Courts hold white employees who allege racial discrimination to a slightly higher standard than members of other protected classes. That’s because the legal system presumes that it would be an unusual employer that discriminates against the majority.
The higher standard is met if the white employee can show that the decision-maker is a member of another protected class. That is, if the white employee can show the boss who made the termination decision is black, he might have enough evidence to meet the higher proof requirement.
Recent case: Kathleen Leavey, who is white, worked as corporate counsel for Detroit, a city led by a black mayor. During a conference call between city officials and those of a local court in which the city had several pending cases, Leavey allegedly said the court was “ghetto,” starting work late and treating people poorly.

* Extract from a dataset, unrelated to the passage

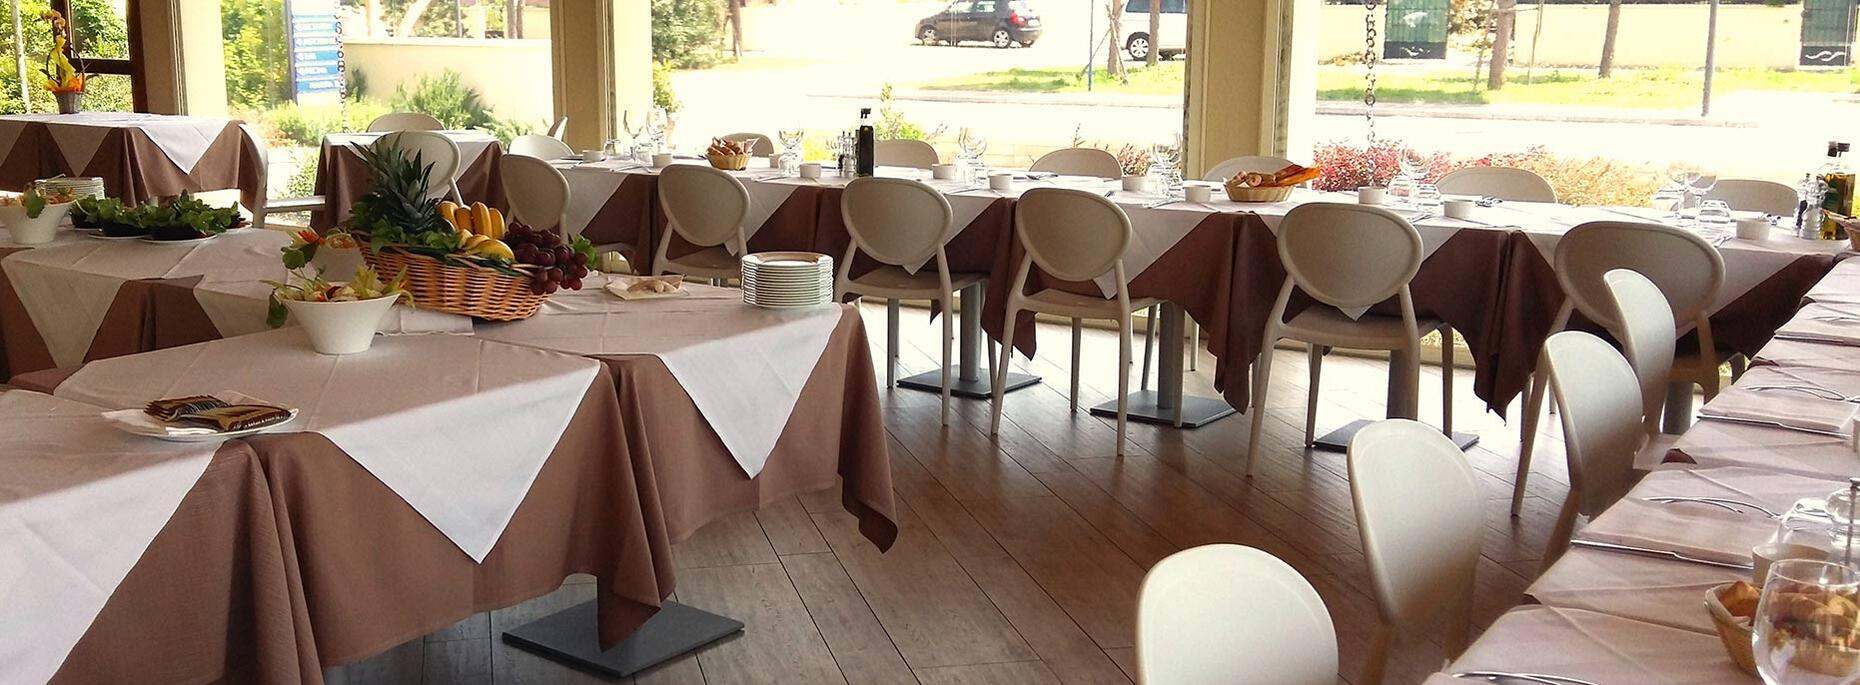 aironebiancoresidencevillage en village-with-restaurant-lidi-comacchio 004

The judge in charge, who is black, complained to the mayor’s office. Leavey was then pressured to resign.
She sued, alleging reverse discrimination.

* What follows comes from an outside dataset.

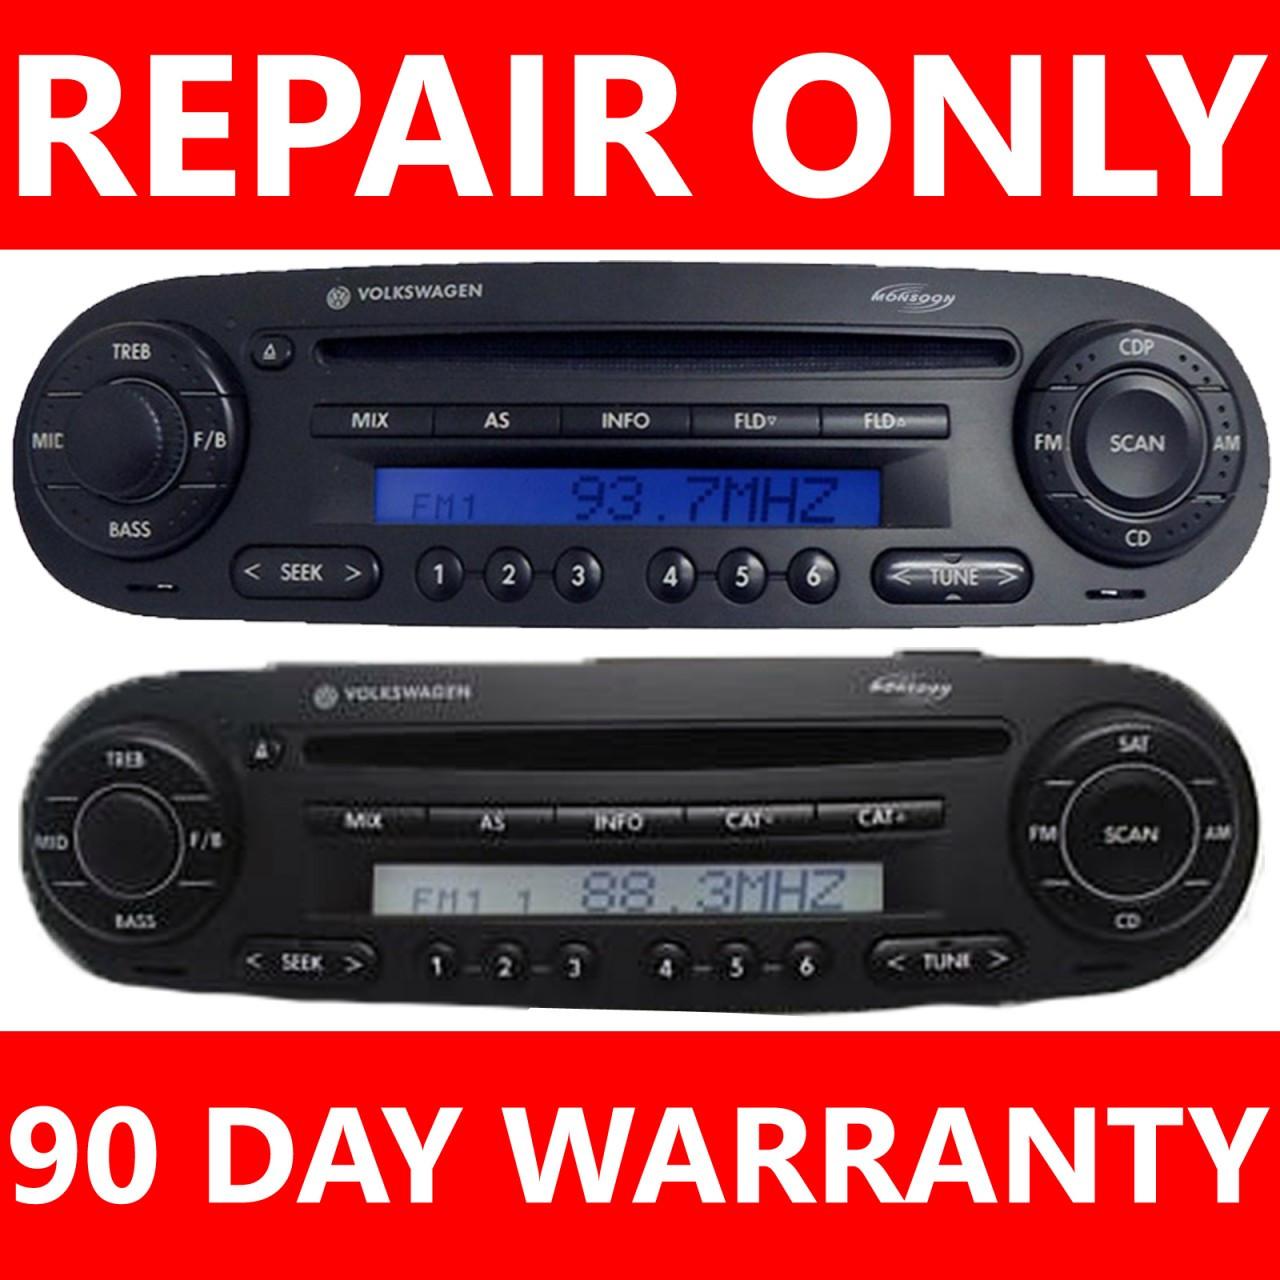 98 10 Volkswagen Beetle Single Disc Changer Player Cd Player

The court said because the mayor, the judge and her supervisor were all black, Leavey had met the first part of her burden of proof: She had shown that this might be the unusual employer that discriminates against the majority.

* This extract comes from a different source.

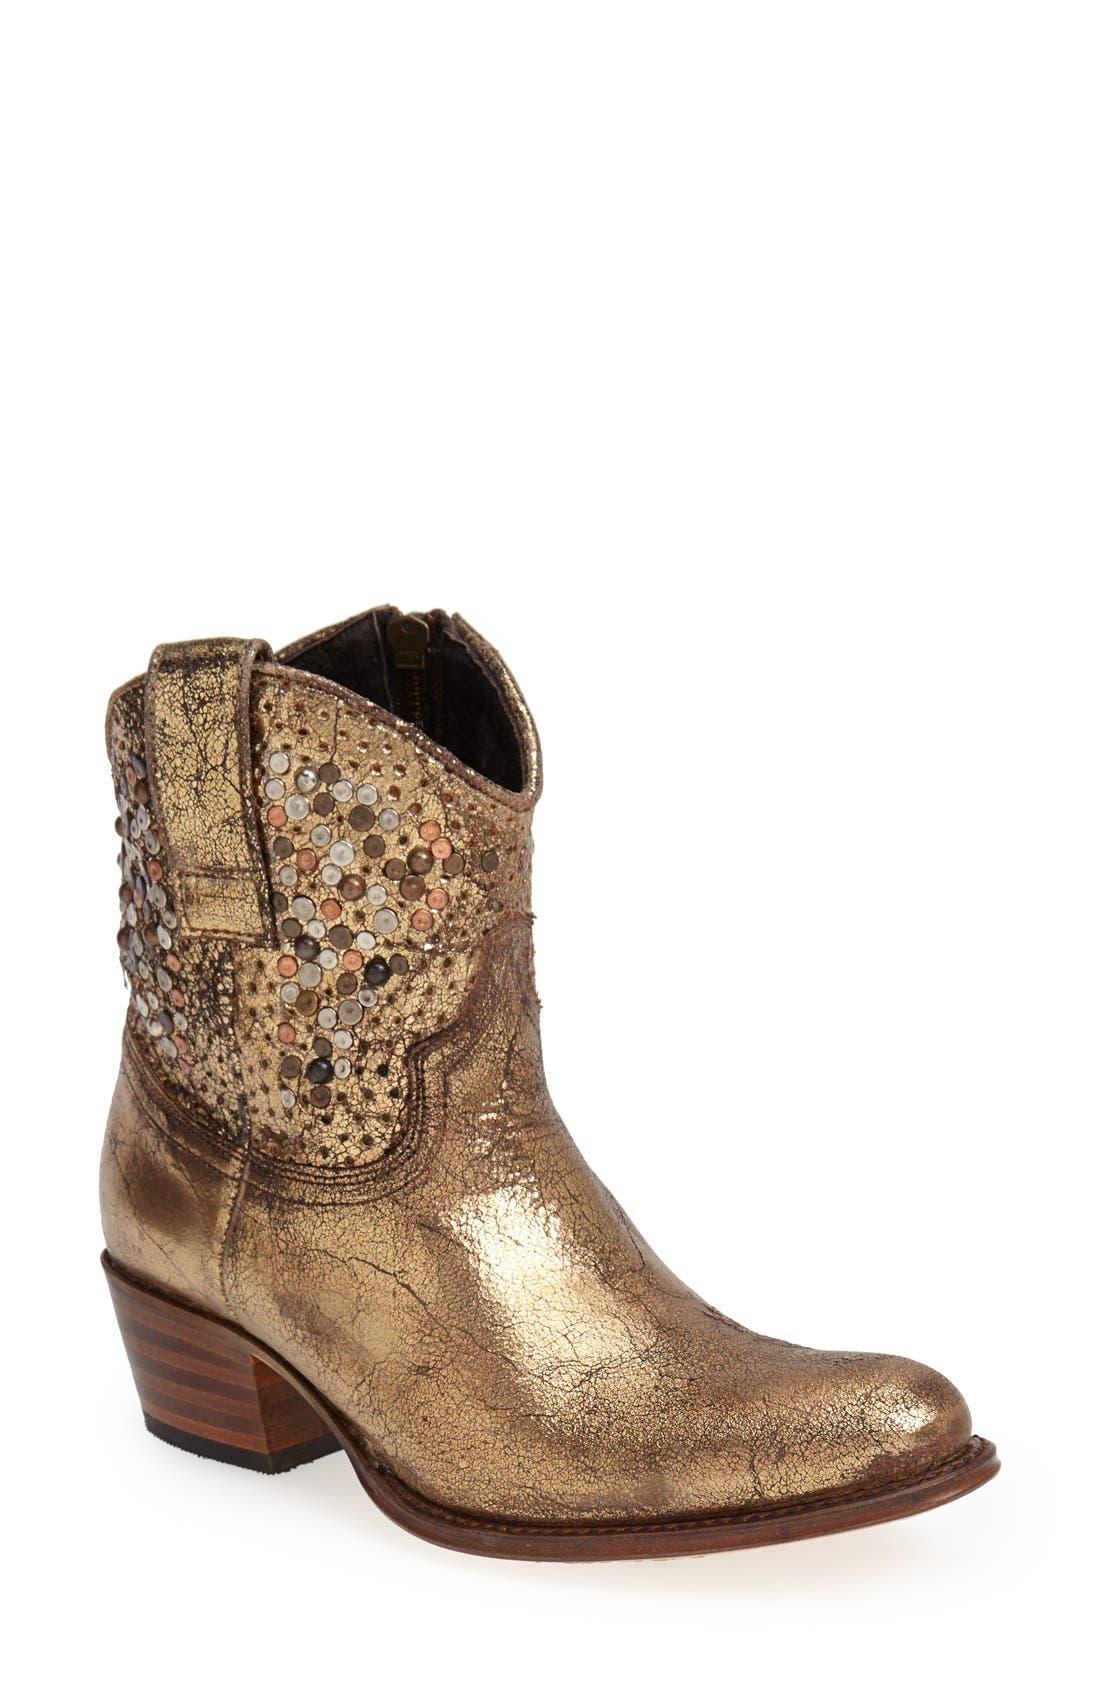 Main Image - Frye 'Deborah' Studded Ankle Boot

Fortunately for Detroit, the court dismissed the case on other grounds. Leavey couldn’t show that the city’s stated discharge reason—Leavey’s poor choice of words to describe the court—was merely an excuse to fire her because she was white. (Leavey v. City of Detroit, No. 10-2064, 6th Cir., 2012)
Final note: A legitimate discharge reason untainted by prejudice, retaliation or other illegal motivations is always the best defense to discrimination charges. Just make sure you can show that you would have fired any employee who engaged in the same misbehavior.